Note - Automation deploys OpenEBS which exposes and uses locally attached storage. More info, go to the OpenEBS section

ElasticKonductor currently deploys

EKS, AKS, GKE
ECK (Optional)
- ElasticSearch
- Kibana
- License loading (Bring your own ES license)
OpenTelemetry Demo
Enterprise Search
ElasticSearch Service (ESS)
Fleet Server
Elastic Agent (APM,K8s Integration)
Istio

Prerequisites

Quick Start Details regarding clients required to run the automtaion are outlined in the following sections. However if a ubuntu 20.+ instance is available, a quick start client install script is available here https://github.com/sunileman/ElasticKonductor/blob/main/scripts/ElasticKonductor-client-install.sh This will install all the required libaries and CLIs for the automation.

General

Ubuntu host to install all clients listed below (terraform, aws cli, etc). Automation has been tested on ONLY on Ubuntu x86 host as root user
Install Terraform client
- https://developer.hashicorp.com/terraform/tutorials/aws-get-started/install-cli
Install kubectl client
- AWS
  - https://docs.aws.amazon.com/eks/latest/userguide/install-kubectl.html
  - The version of kubectl must match the version of eks/aks you plan on deploying. The version number is set in terraform.tfvars, variable eks_version/aks_version
- GCP
  - https://cloud.google.com/kubernetes-engine/docs/how-to/cluster-access-for-kubectl#gcloud
Install git client
- To clone this repo and when possible, contribute back :)
ElasticSearch Enterprise License
- Only required to use enterprise features such as ML, autoscale, etc

AWS

AWS CLI installed fully configured on the lastest version 2 release.
- aws --version
- aws configure
- https://docs.aws.amazon.com/cli/latest/userguide/getting-started-install.html#getting-started-install-instructions
- In the terraform.tfvars, set the AWS access credentials

GIT

Not required. If interested in pulling the repo via ssh to keep up with updates applied to this automation https://docs.github.com/en/authentication/connecting-to-github-with-ssh/generating-a-new-ssh-key-and-adding-it-to-the-ssh-agent

Azure

Azure service principal

https://learn.microsoft.com/en-us/azure/developer/terraform/authenticate-to-azure?tabs=bash#create-a-service-principal
Make note of the appId, display_name, password, and tenantID
Set the following env variables

export ARM_CLIENT_ID="Your appID"
export ARM_CLIENT_SECRET="Your app secret"
export ARM_SUBSCRIPTION_ID="Your Azure SUBSCRIPTION"
export ARM_TENANT_ID="Your tenantID"
export TF_VAR_aks_service_principal_app_id="Your appID"
export TF_VAR_aks_service_principal_client_secret="Your app secret"

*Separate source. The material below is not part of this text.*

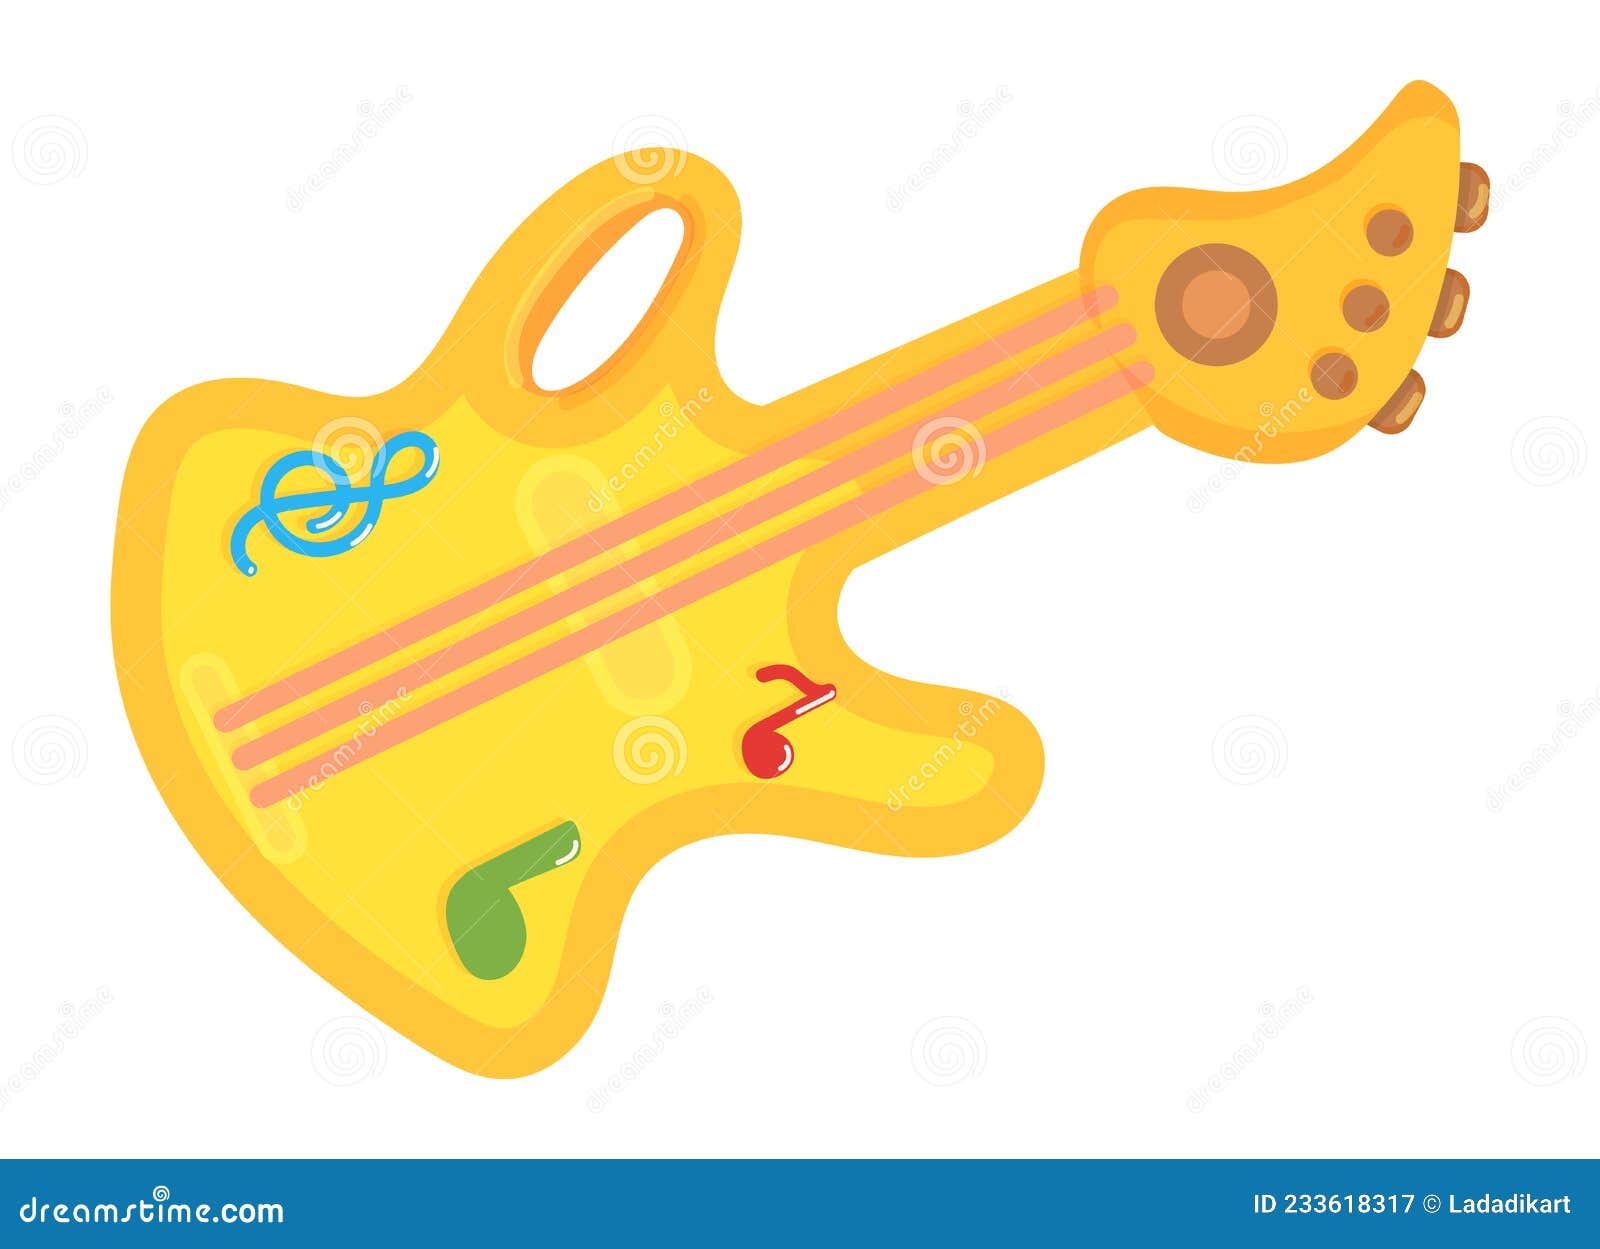 Guitarra De Juguete. Instrumento De Música Eléctrica De Dibujos Animados  Amarillos Ilustración del Vector - Ilustración de feliz, acorde: 233618317

AZ CLI CLI installed fully configured
- https://learn.microsoft.com/en-us/cli/azure/install-azure-cli
- run az login with your creds
- az login --service-principal -u $ARM_CLIENT_ID -p $ARM_CLIENT_SECRET --tenant $ARM_TENANT_ID
GCP
- https://cloud.google.com/kubernetes-engine/docs/how-to/cluster-access-for-kubectl#gcloud
- run gcloud init to initialize your client
- run gcloud auth application-default login
- Note - project must be set in terraform.tfvars. Project value within tags variable is used to tag instances with project value. Not the same as gcp project which is set in terrform.tfvars.
- To set your gcp project, run export TF_VAR_gcp_project="your-project-name"

Deployment

Note: The automation requires tags.project variable to be set in the .[aws|azure]/terraform.tfvars. Set the variable with your username, no special characters. Keep it short

Required Arguments

-c [aws|azure|gcp|ess]

-b [all|k8s|eck|otel]

-d Destroy all assets created by the automation

de destroy ECK

do destroy Open Telemetry

i get cluster info

int get cluster infra info

--openebs Enable OpenEBS

Note -b eck option assumes K8s has been deployed

Examples

To run the automation in the background. Output will be writen to nohup.out.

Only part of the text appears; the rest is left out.